I'm thinking about what is known of the personality of Mohammed Adeel, one of the three plotters of cell number two, the one that took care of writing and sending the e-mails: policeman in Karachi; former member of a counter-terrorist unit; former intelligence officer; directly tied, therefore, to the ISI.

I'm thinking about the remark Musharraf made to the U.S. ambassador who had just expressed to him the USA's wish to see Omar extradited: “I would prefer to hang him myself than to have to extradite him.” Resentment? Anger? Hatred overcoming him, making him capable, with his own hands, etc.? No doubt. But it's hard not to hear as well in his exclamation the willingness to do anything, absolutely anything, to avoid a public trial and the possible exposure of the murky connections between Omar and the ISI.

I'm thinking about the story of the taxi driver who claims he drove Omar to the Hotel Akbar, and the account I got from him: he was stopped at a checkpoint in much the same way I was the evening I first arrived. Armed soldiers—this is in the middle of Musharraf's phase of pro-American anti-terrorist zeal—hustle the driver out of his taxi, push him up against a wall with his arms outstretched, and search him. But when it is Omar's turn to show his papers and be searched, a word seems to suffice, maybe a document he stuck under their noses—and the embarrassed soldiers let him go on: “No problem, welcome, you can go.”

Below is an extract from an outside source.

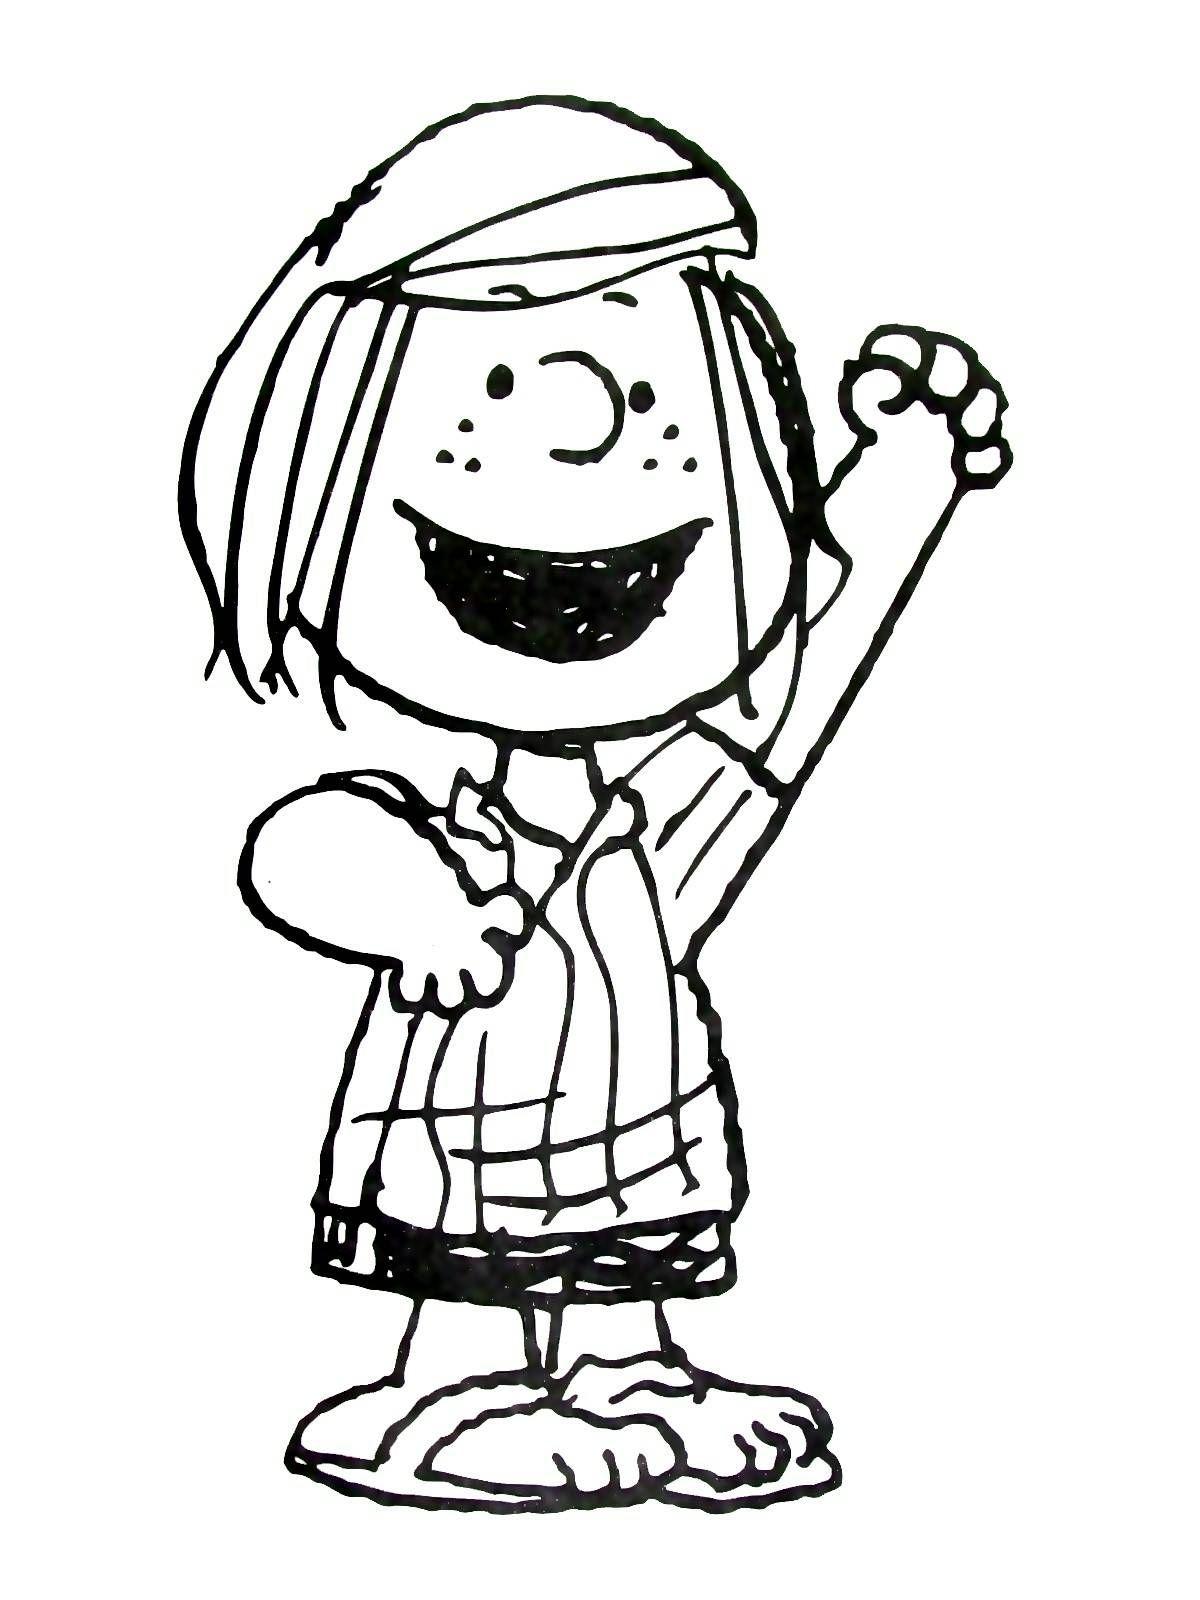 The Peanuts Gang Coloring Book Page Printable | Peanuts Coloring ...
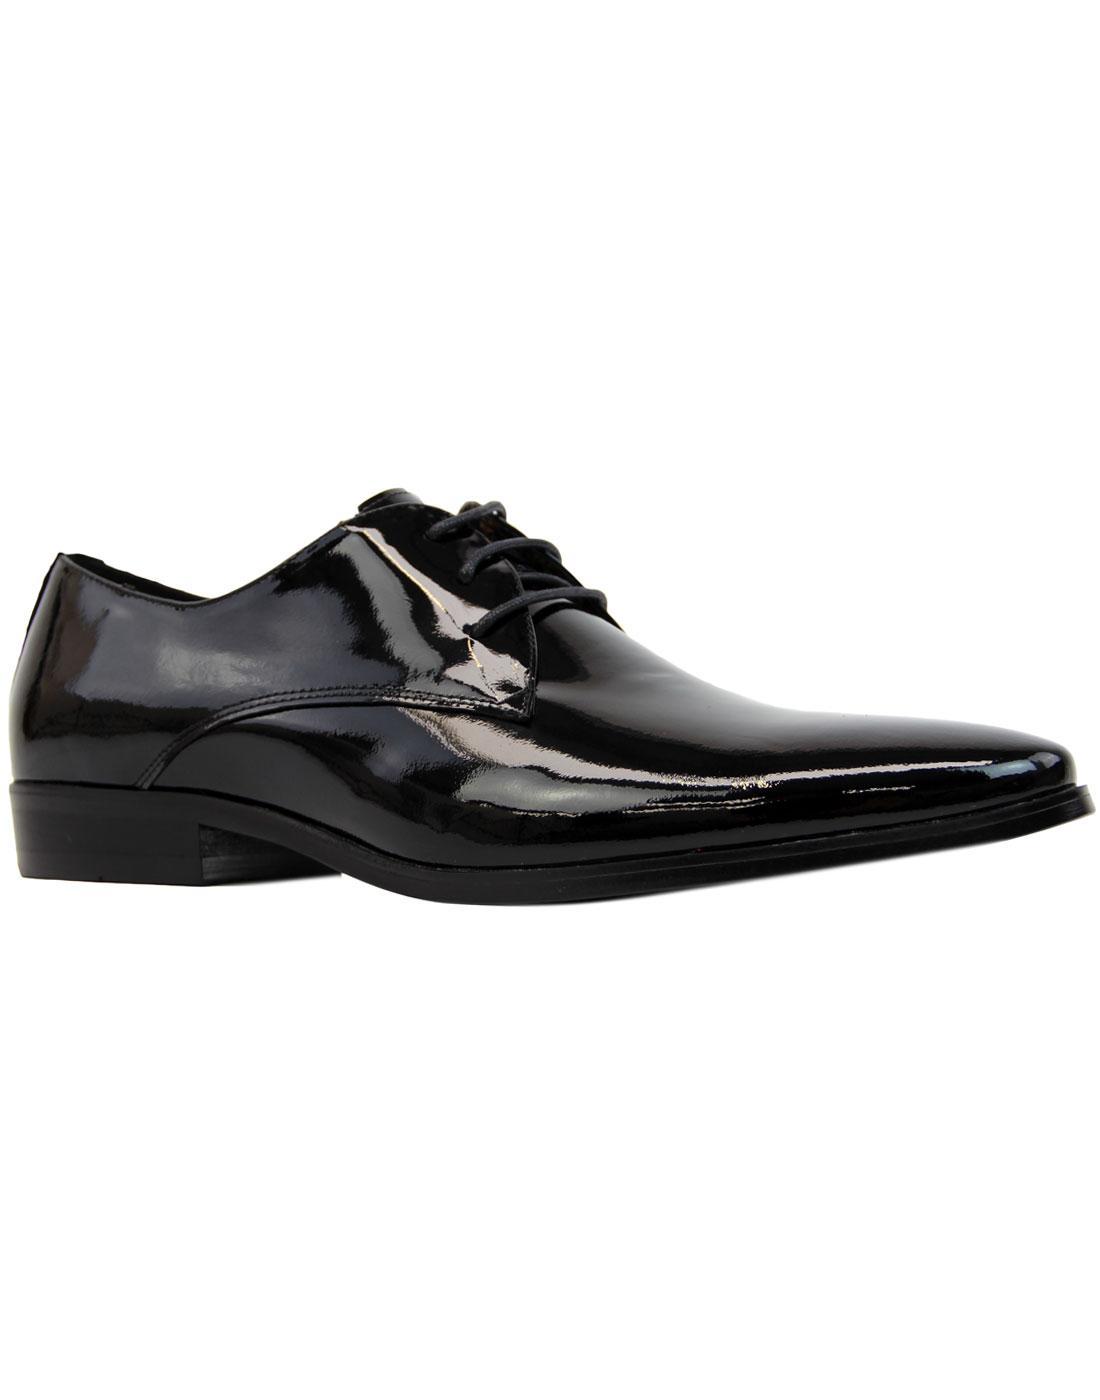 Sai Lace PAOLO VANDINI Patent Leather Dress Shoes

I'm thinking of Saquib again, the friend from London. It was a little story that at the time hadn't really struck me. But now, in the light of what I know . . . This story takes place in April 1996. Saquib has finished school. He has a job at a big bank—I think the HSBC—and he's been sent on business to Pakistan. And there he is one night at dinner, in Islamabad, at the home of a vice-admiral whose name he forgets, seated next to a brigadier who is known to belong to the ISI, who says to him: “You went to the London School? Bravo! Perhaps, then, you know Omar. Maybe you were in the same class.” Not Omar Sheikh. Just Omar . . . As if there were only one, the one everybody knew in Islamabad, and who was, in any case, close to the brigadier . . .

And then finally I think, one last time, about his first meeting with Pearl, at the Hotel Akbar in Rawalpindi, 11 January, twelve days before the abduction. Well . . . What is this Hotel Akbar, exactly? What does it look like? Why in fact did he choose it? And why is it that no one, as far as I know, has asked these questions? How come no one has had the idea to take a closer look and to spend an hour, or why not a night, in the room where contact was made?

I go to the Hotel Akbar.

I leave Islamabad and its wealthy districts.

I take the Aga Khan Road with its beautiful opulent houses and its look, common to most of the avenues in this perfectly artificial city, of having come straight out of a de Chirico painting.

I pass the Super Market, which is lively and animated and where, among photo shops, perfume boutiques, an “Old Books Sell and Buy,” and a Konica camera shop, the “Mr. Books” bookstore is located.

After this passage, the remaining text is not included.